Accurate Smartphone Indoor Visual Positioning Based on a High-Precision 3D Photorealistic Map

Teng Wu  1 Jingbin Liu  2   3   4 Zheng Li  5 Keke Liu  6 Beini Xu  7
Affiliations

Accurate Smartphone Indoor Visual Positioning Based on a High-Precision 3D Photorealistic Map

Teng Wu et al. Sensors (Basel). .

Abstract

Indoor positioning is in high demand in a variety of applications, and indoor environment is a challenging scene for visual positioning. This paper proposes an accurate visual positioning method for smartphones. The proposed method includes three procedures. First, an indoor high-precision 3D photorealistic map is produced using a mobile mapping system, and the intrinsic and extrinsic parameters of the images are obtained from the mapping result. A point cloud is calculated using feature matching and multi-view forward intersection. Second, top-K similar images are queried using hamming embedding with SIFT feature description. Feature matching and pose voting are used to select correctly matched image, and the relationship between image points and 3D points is obtained. Finally, outlier points are removed using P3P with the coarse focal length. Perspective-four-point with unknown focal length and random sample consensus are used to calculate the intrinsic and extrinsic parameters of the query image and then to obtain the positioning of the smartphone.

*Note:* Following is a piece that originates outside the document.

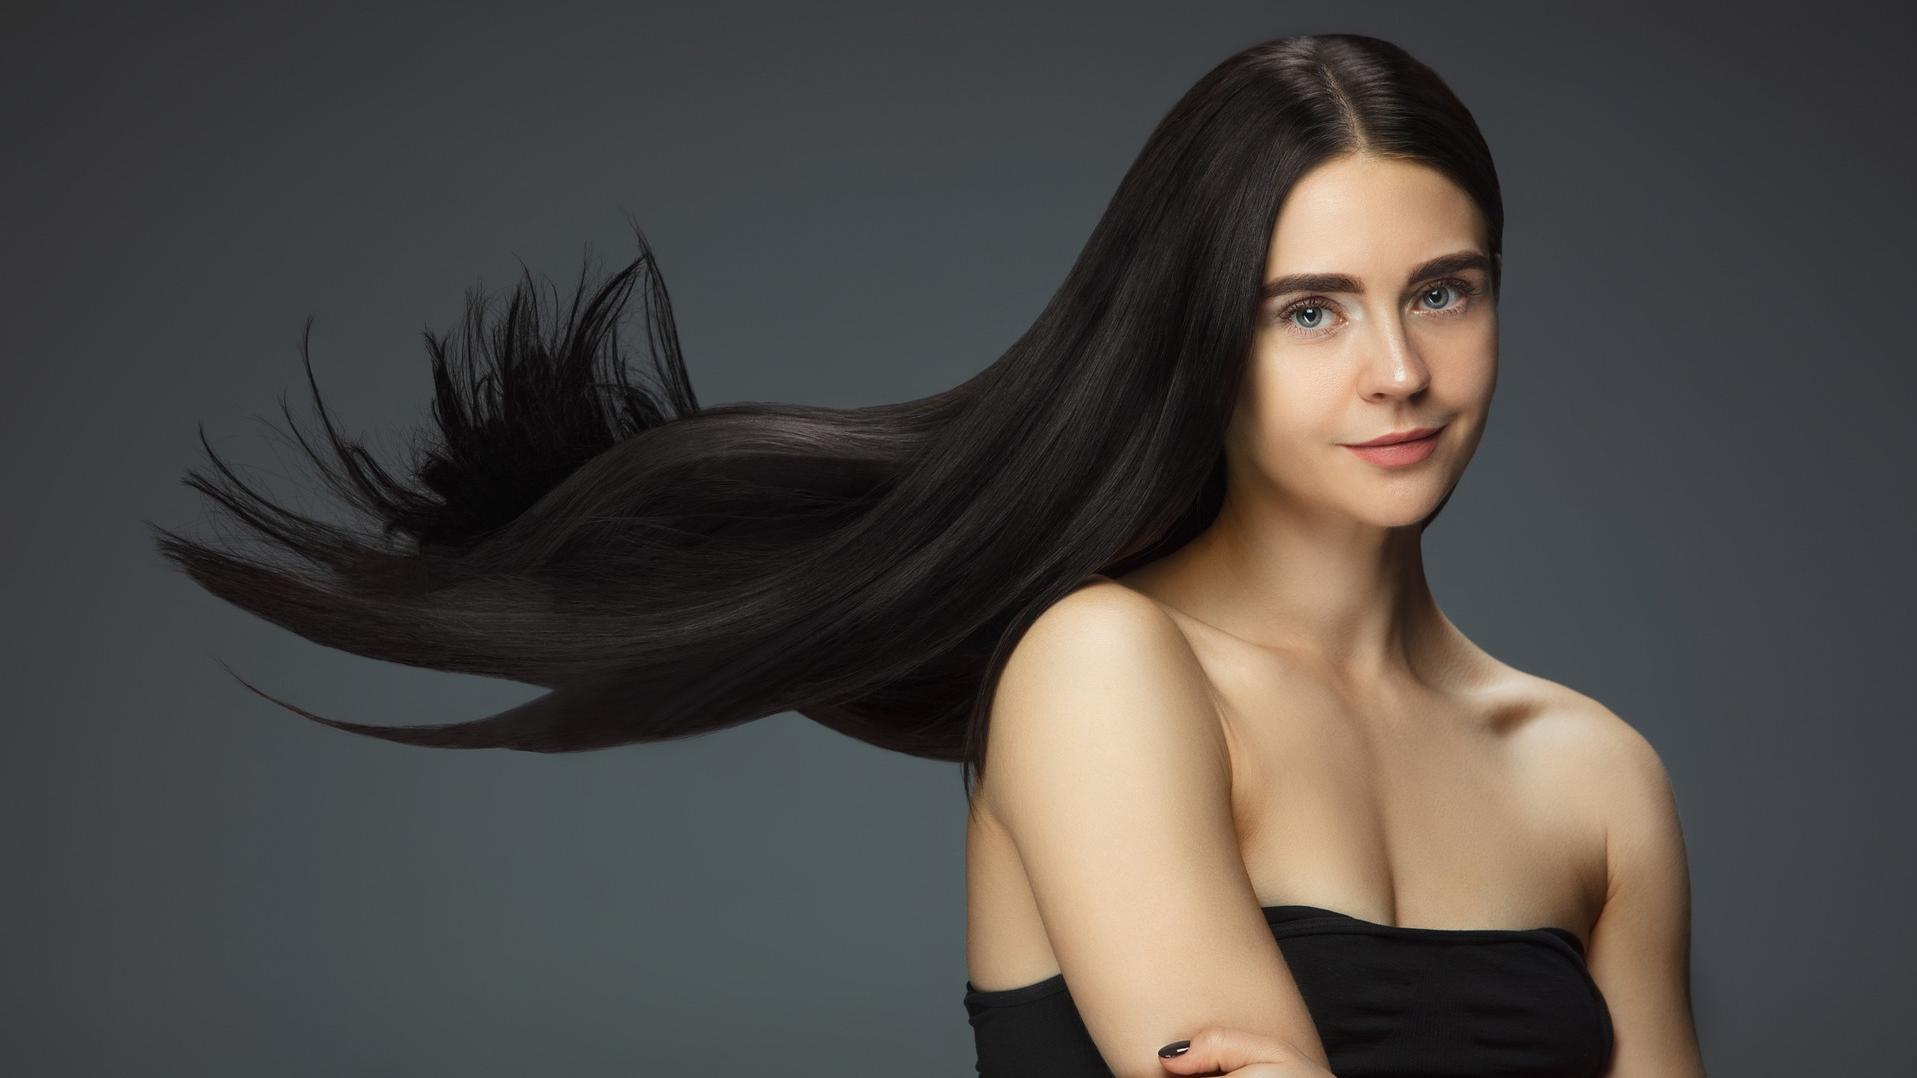 Mit der richtigen Pflege und Ernährung stärken Sie Ihre Haare.

Compared with established baseline methods, the proposed method is more accurate and reliable. The experiment results show that 70 percent of the images achieve location error smaller than 0.9 m in a 10 m × 15.8 m room, and the prospect of improvement is discussed.

Keywords: image feature matching; indoor visual positioning; photogrammetric vision; place recognition; smartphone positioning.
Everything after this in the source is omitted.